**EXERCISE DATA**
--------

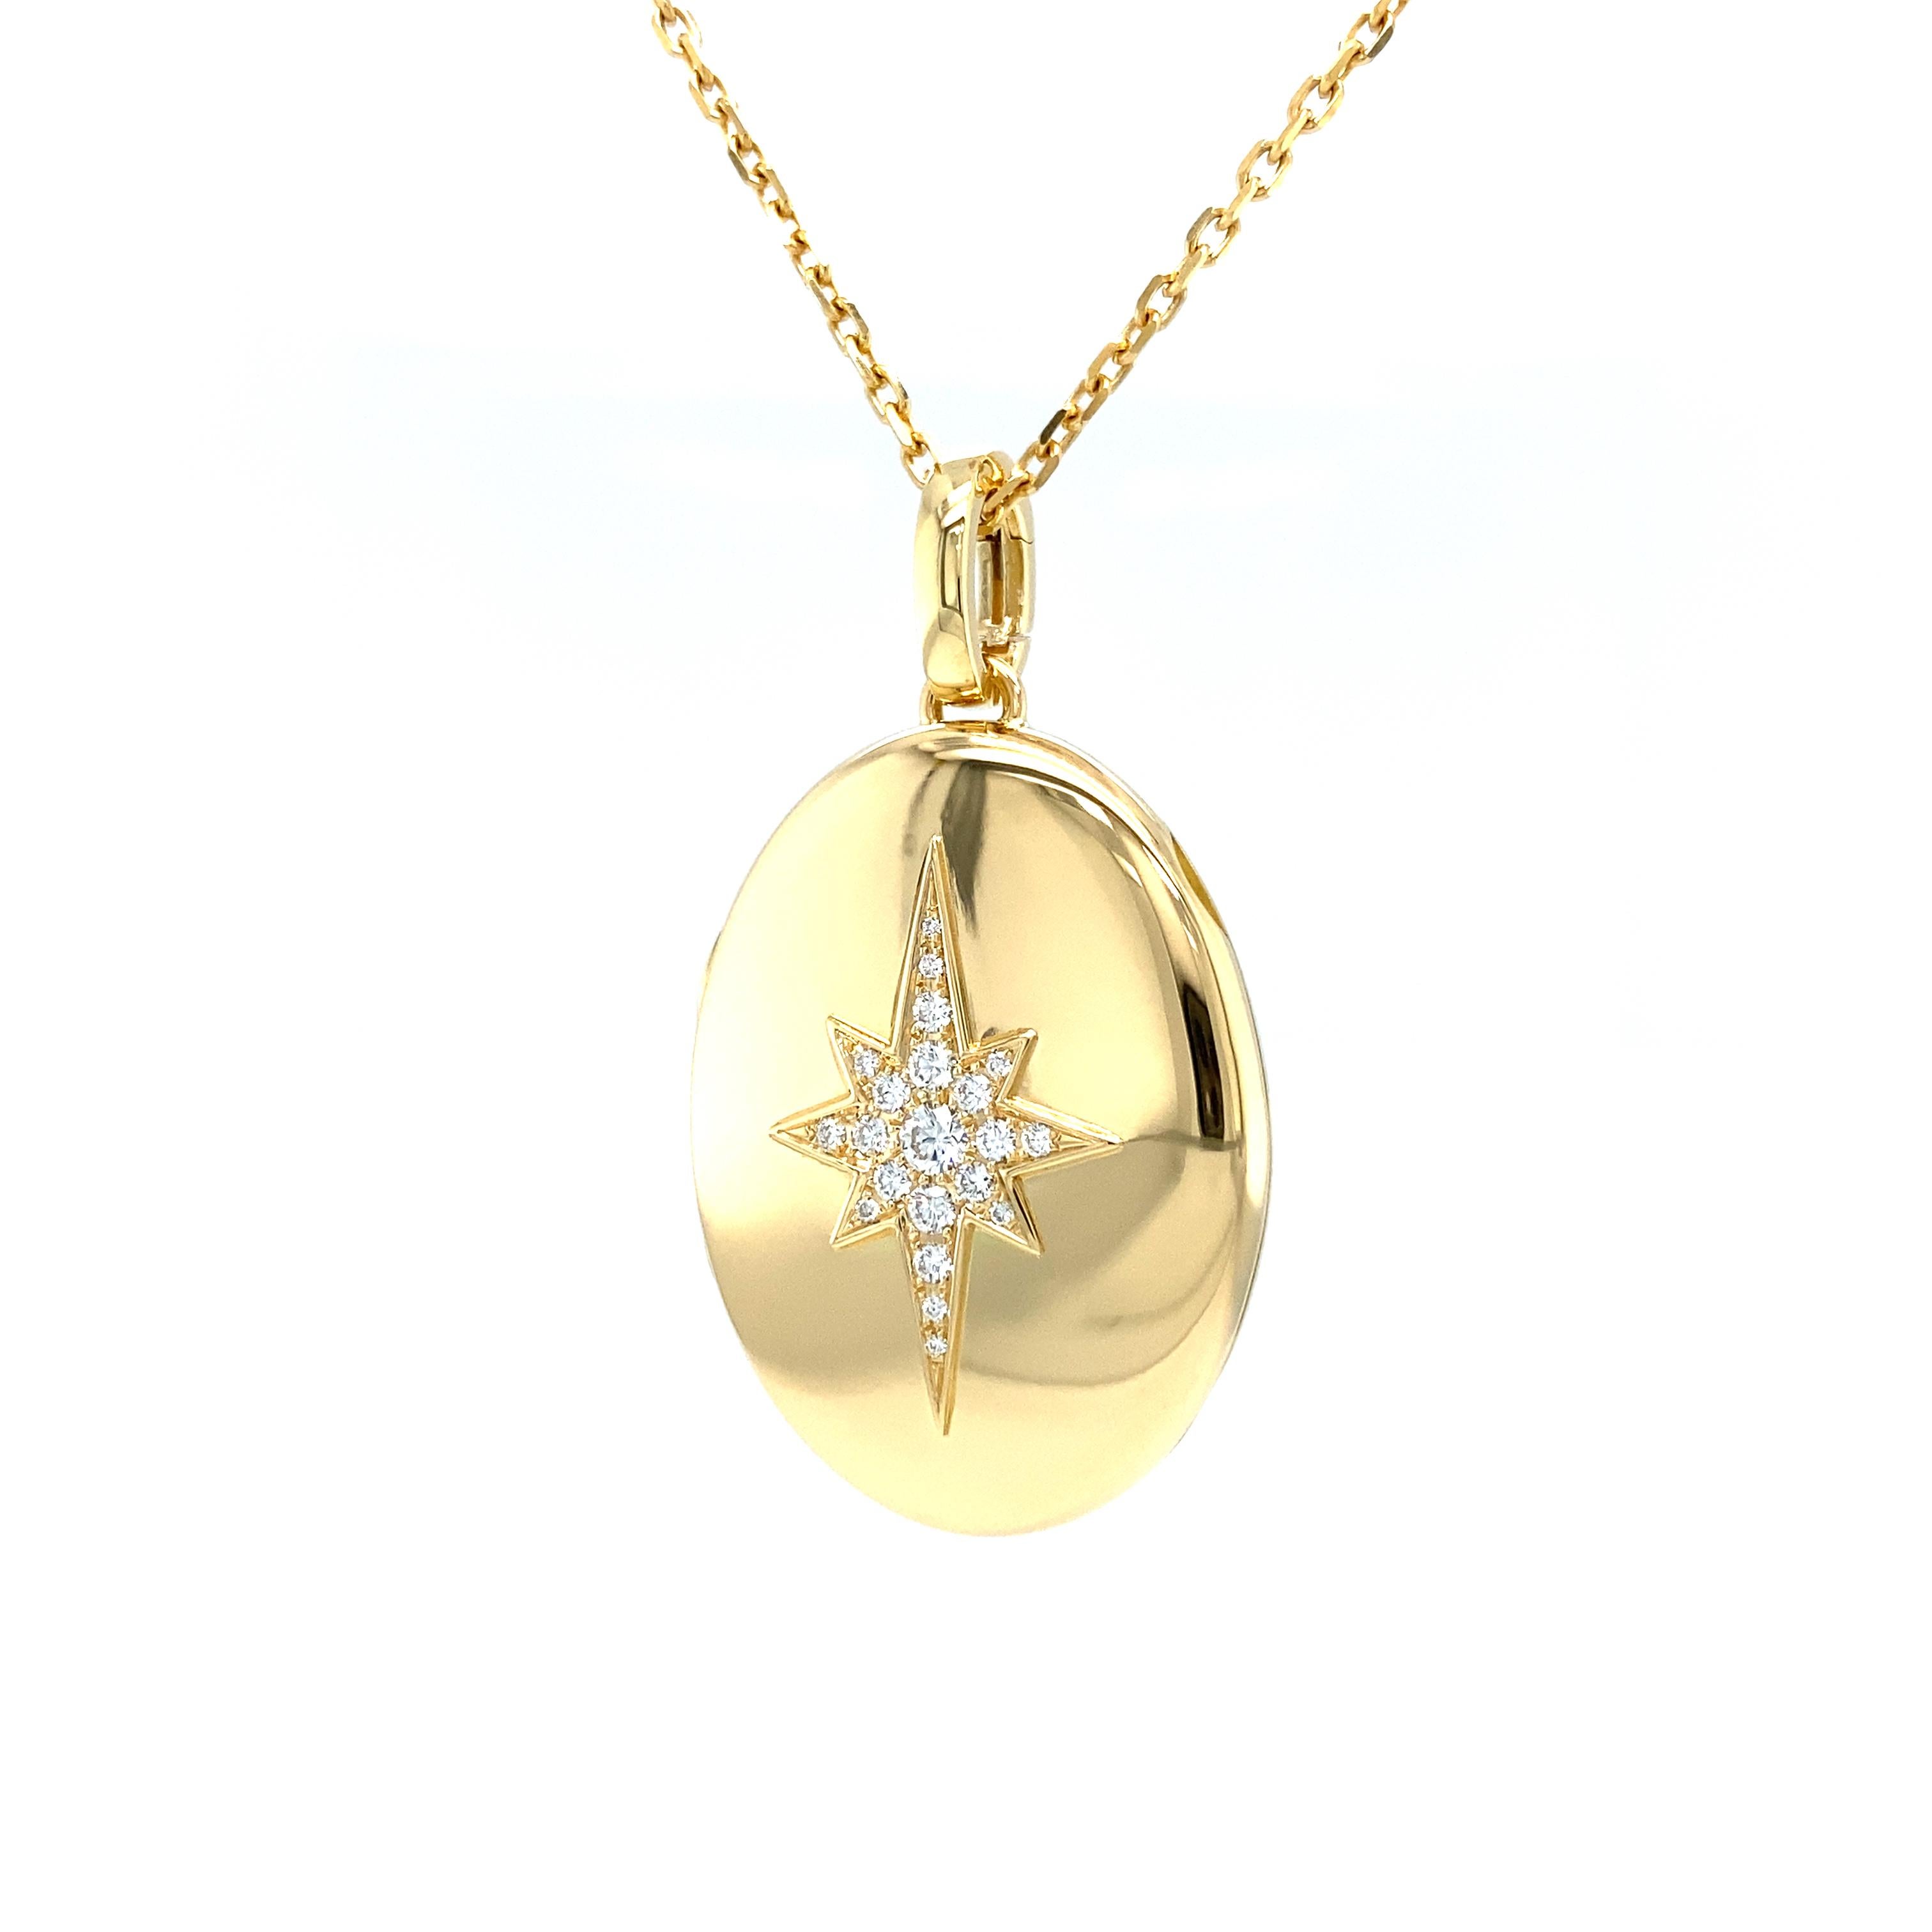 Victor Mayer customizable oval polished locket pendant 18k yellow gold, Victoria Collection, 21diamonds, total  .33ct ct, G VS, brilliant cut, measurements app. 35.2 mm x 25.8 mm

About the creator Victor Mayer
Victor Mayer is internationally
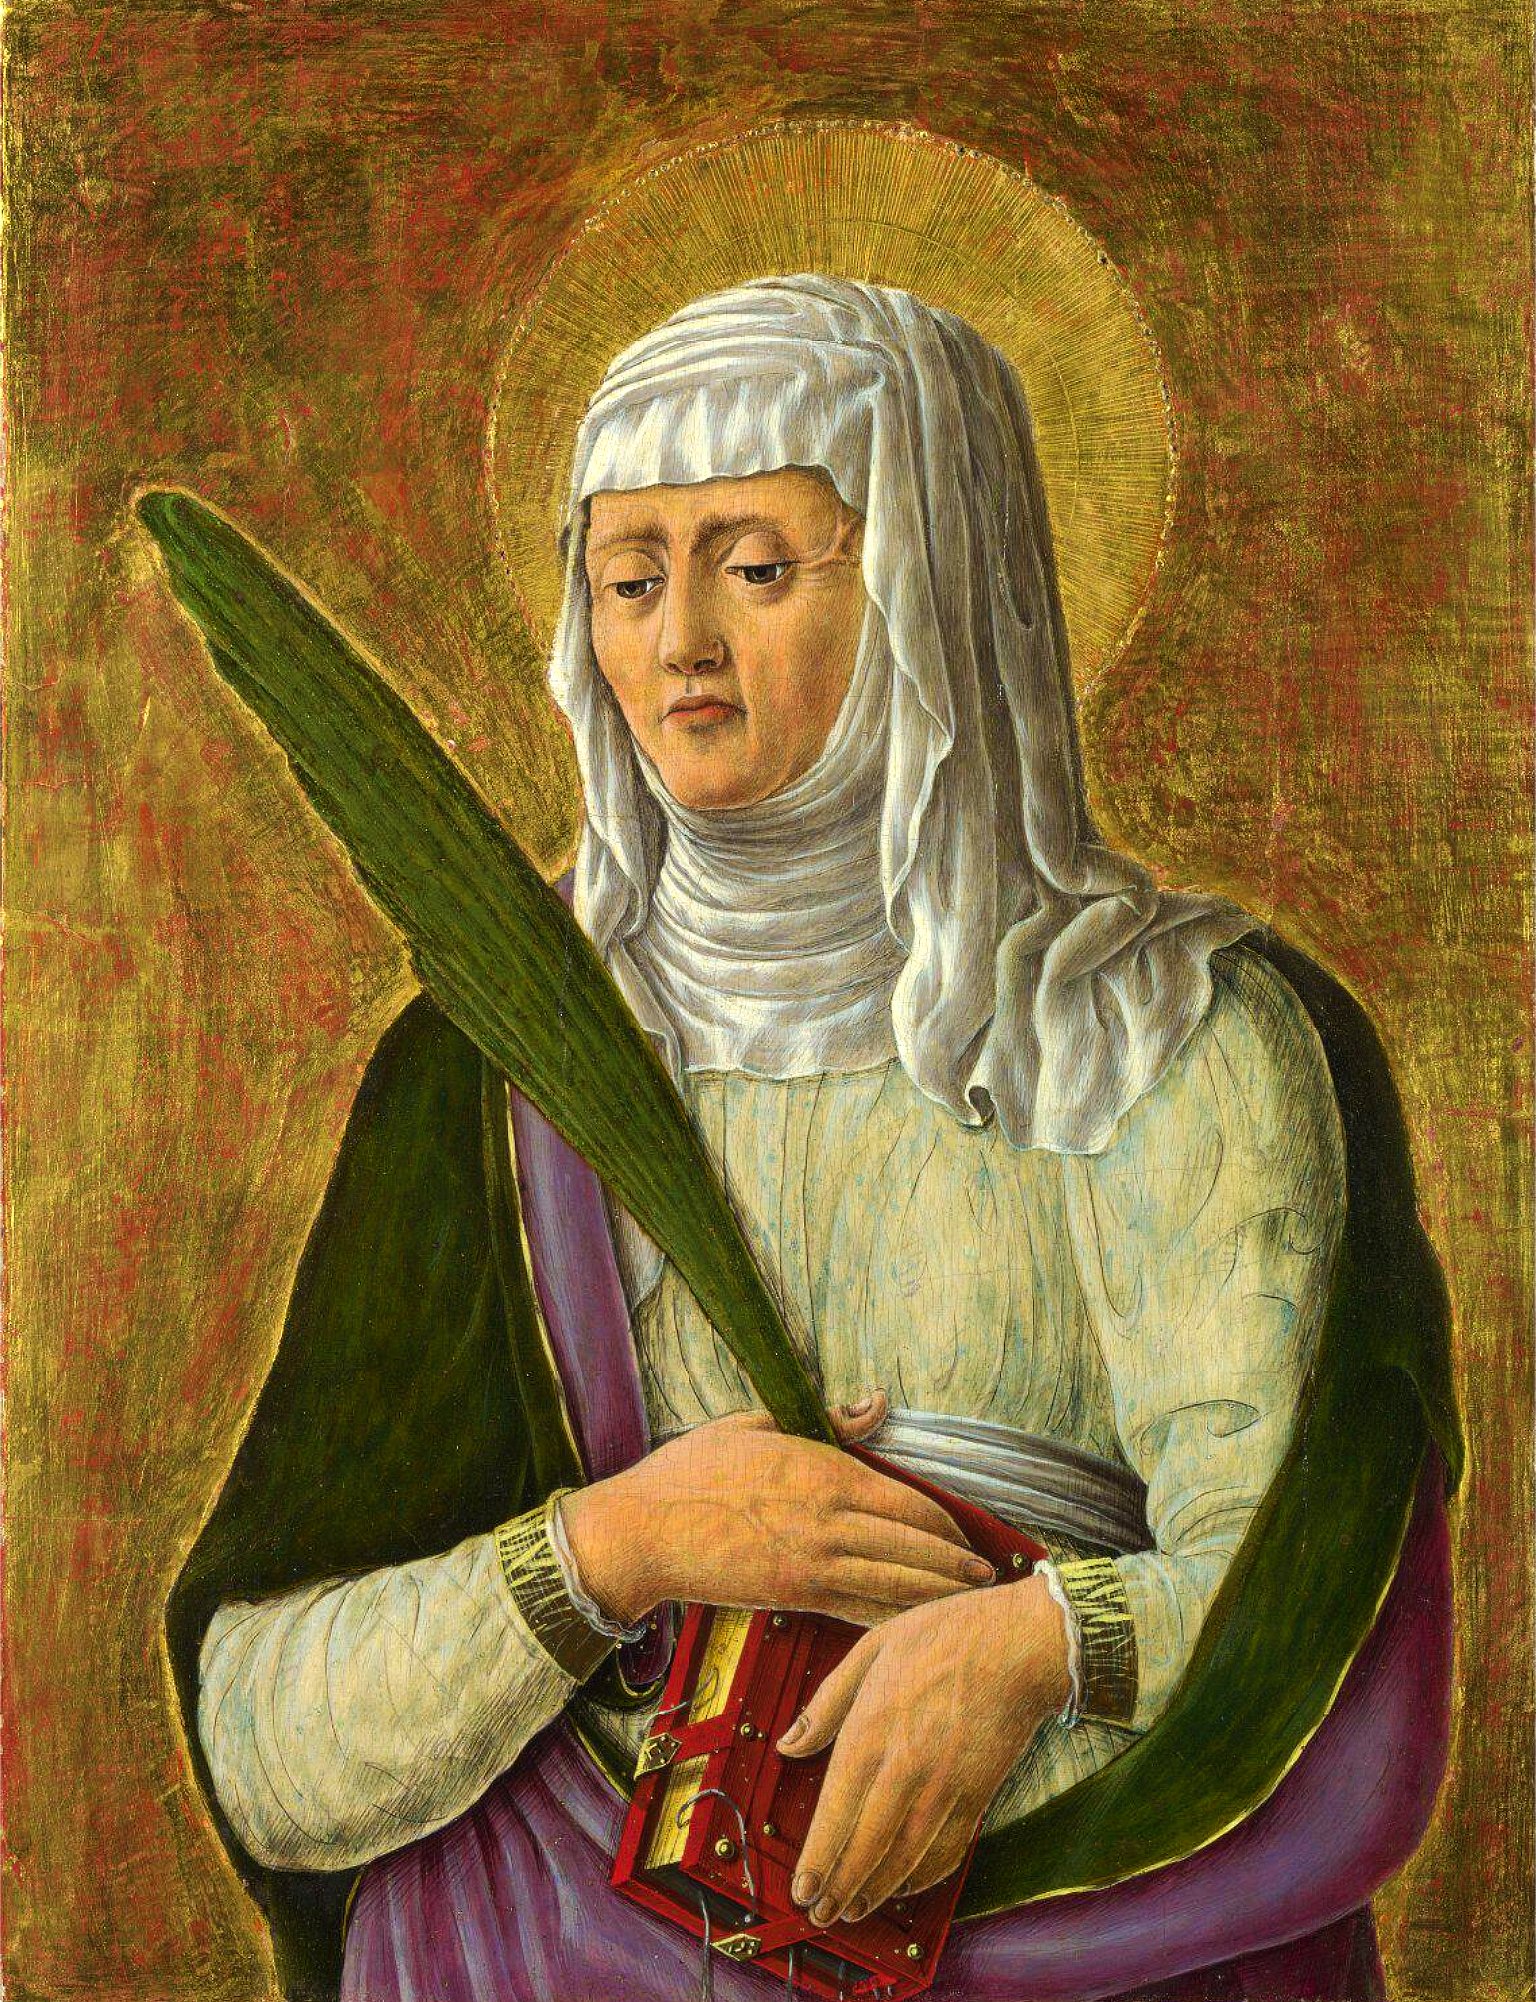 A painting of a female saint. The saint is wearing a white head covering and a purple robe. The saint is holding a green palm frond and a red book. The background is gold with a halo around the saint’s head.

--------

**EXERCISE**
An exact reproduction of the lines from the line containing "Victor Mayer is internationally" through the end of the listing above is needed; pictures stay out.

**PROBLEM SOLUTION**
Victor Mayer is internationally
 A painting of a female saint. The saint is wearing a white head covering and a purple robe. The saint is holding a green palm frond and a red book. The background is gold with a halo around the saint’s head.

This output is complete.